Segment Start: COLLECTED DATA
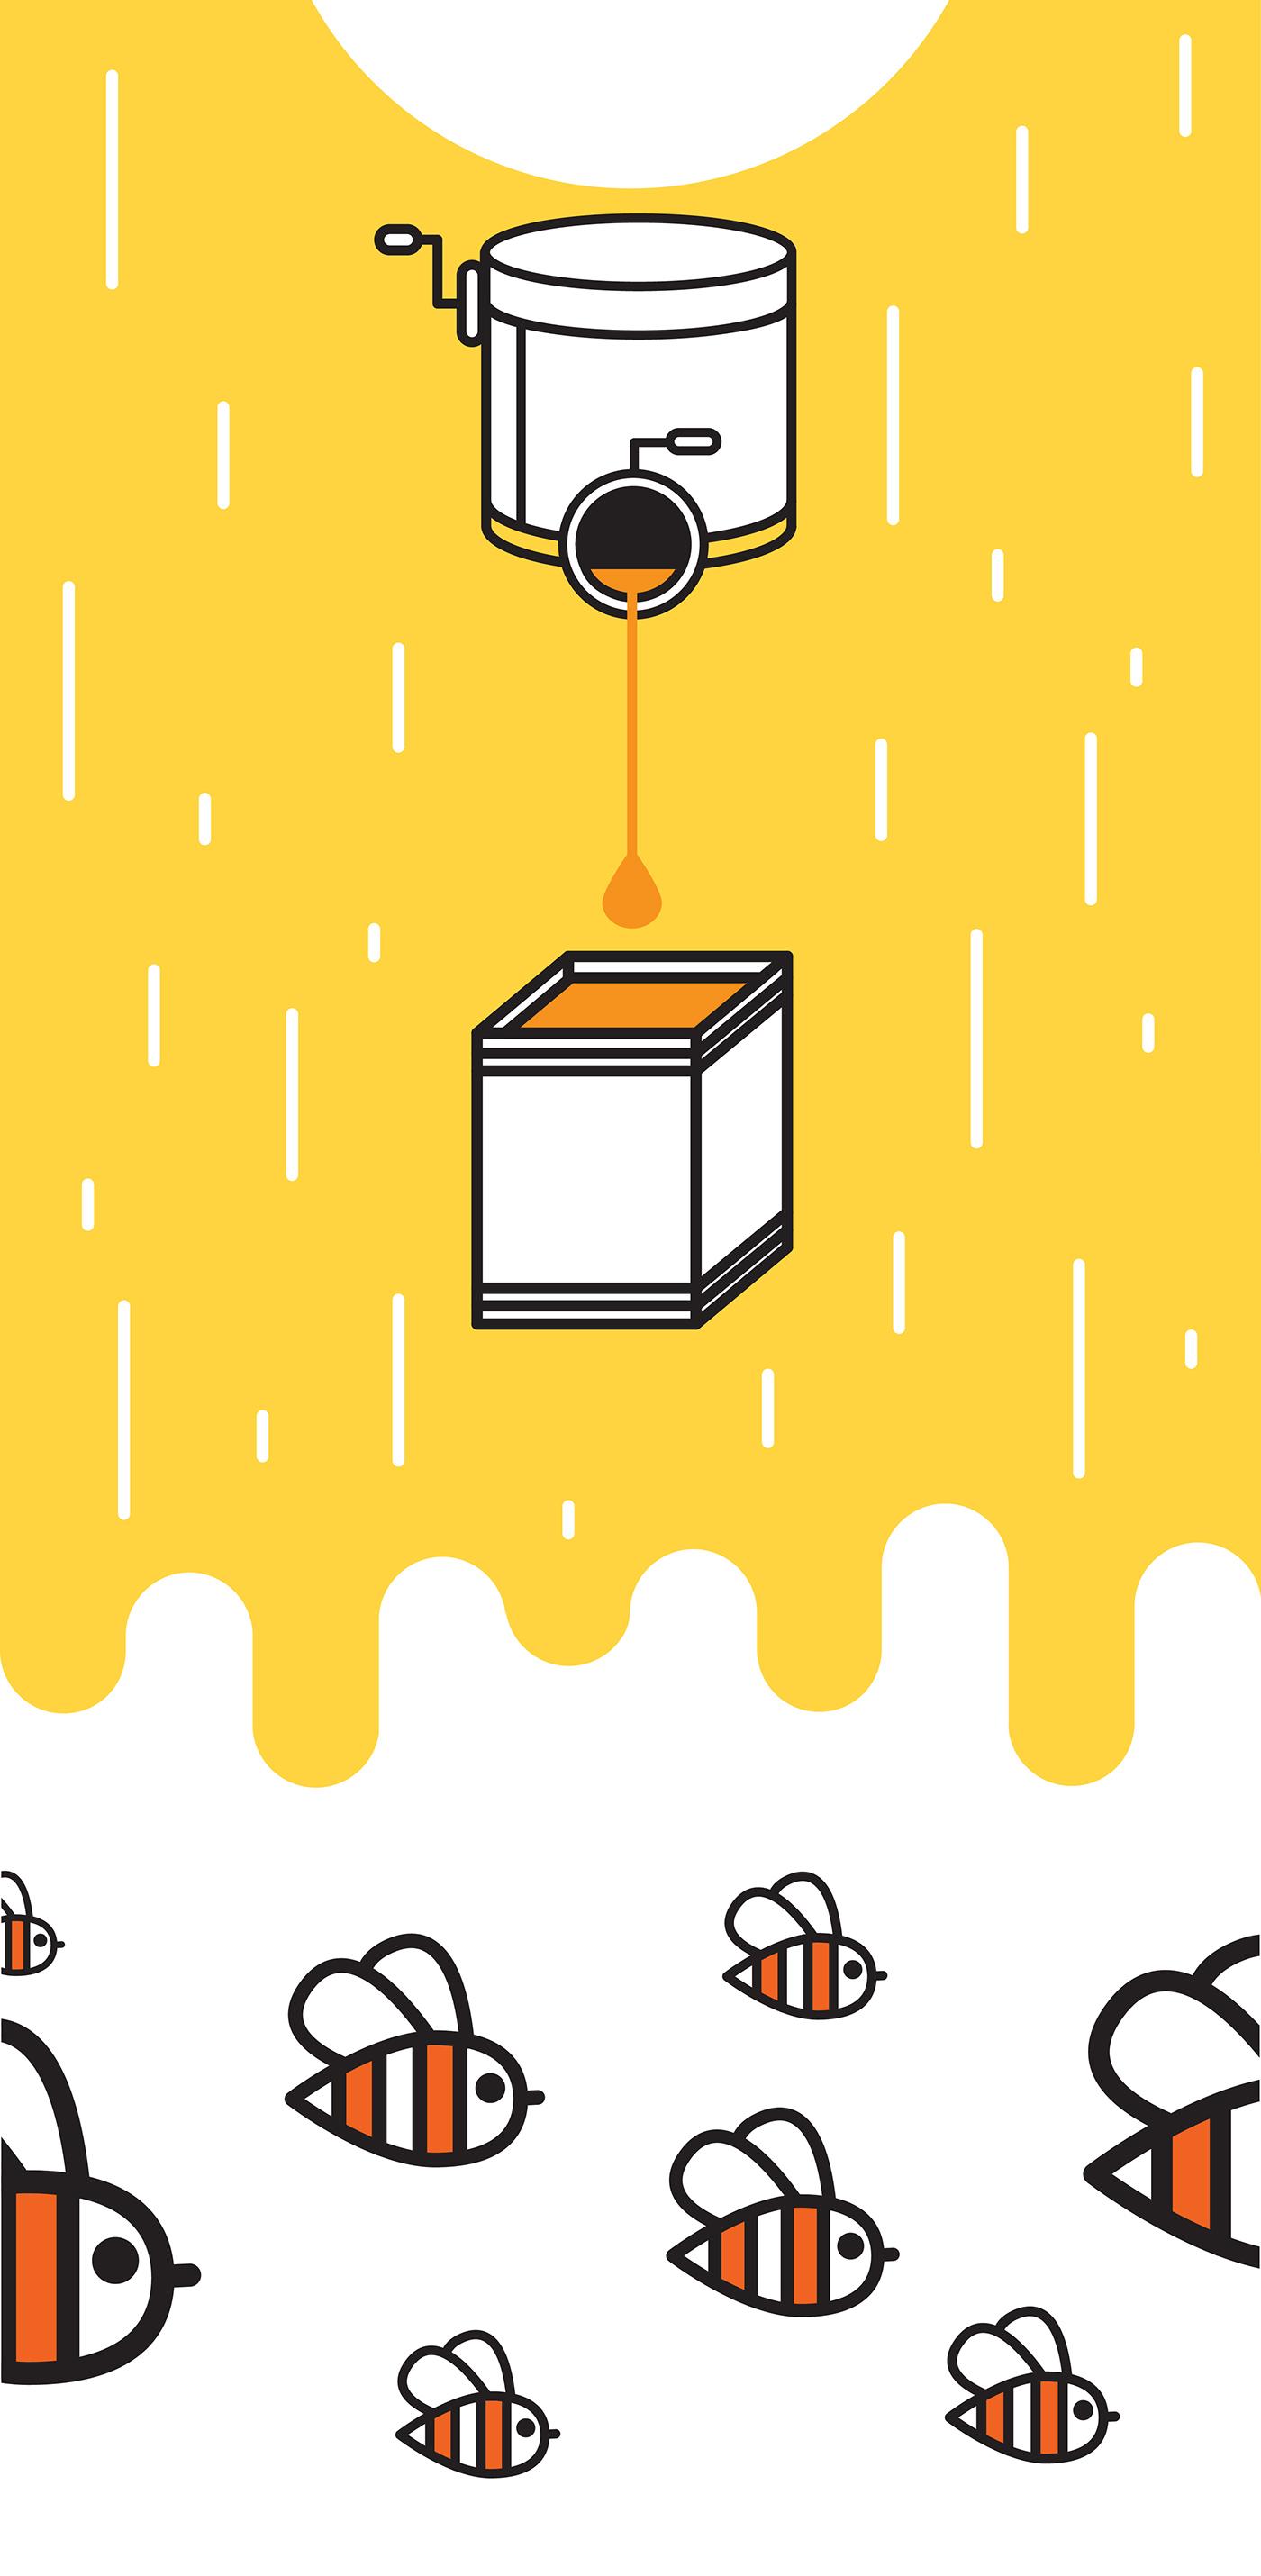 Balparmak honey bee bal 2D Animation
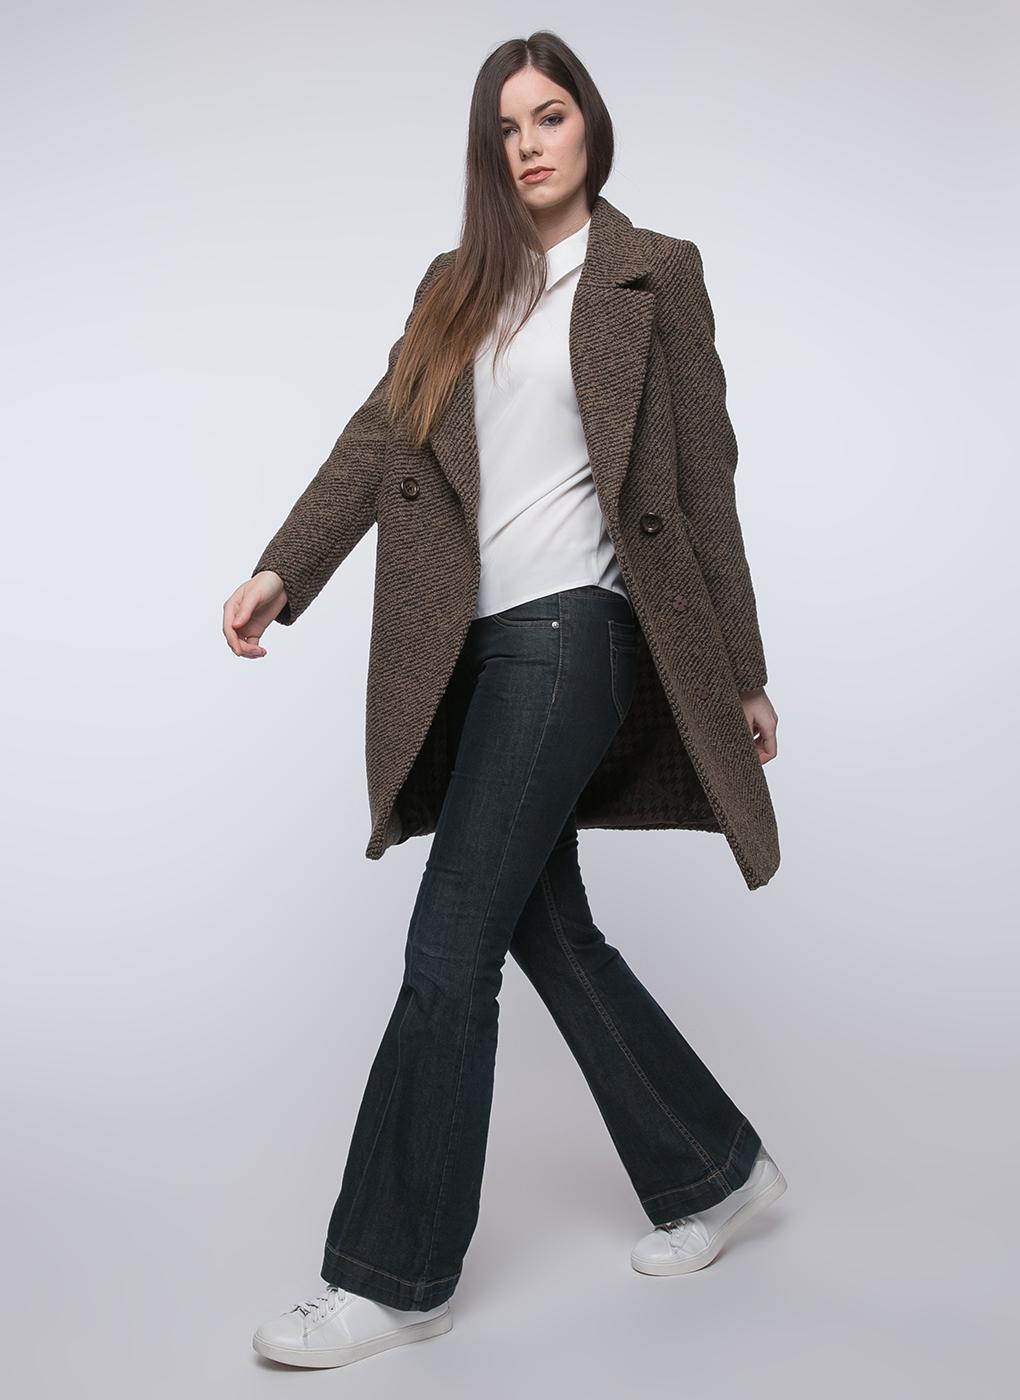 Пальто прямое шерстяное 40, idekka фото
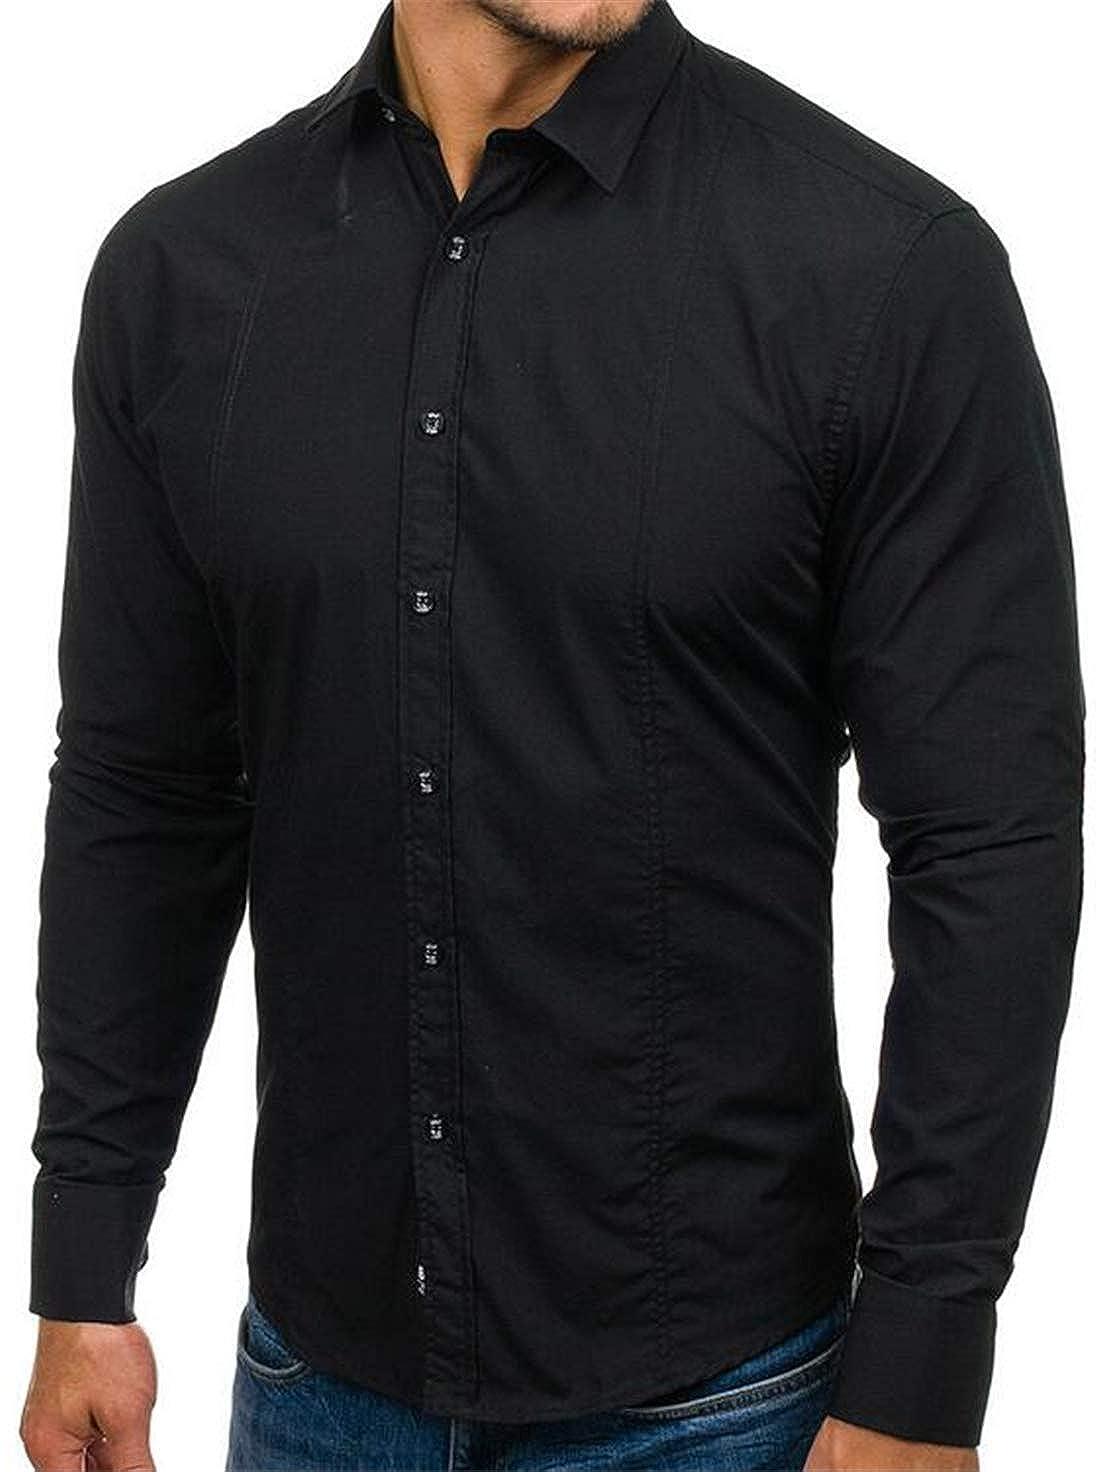 XiaoTianXinMen XTX Mens Casual Regular Fit Cotton Long Sleeve Button Up Solid Dress Shirts
Segment End: COLLECTED DATA
- _GOAL OF THE EXERCISE_
Skipping all images, print the data above a second time exactly.

- _REPLY_
 Balparmak honey bee bal 2D Animation
 Пальто прямое шерстяное 40, idekka фото
 XiaoTianXinMen XTX Mens Casual Regular Fit Cotton Long Sleeve Button Up Solid Dress Shirts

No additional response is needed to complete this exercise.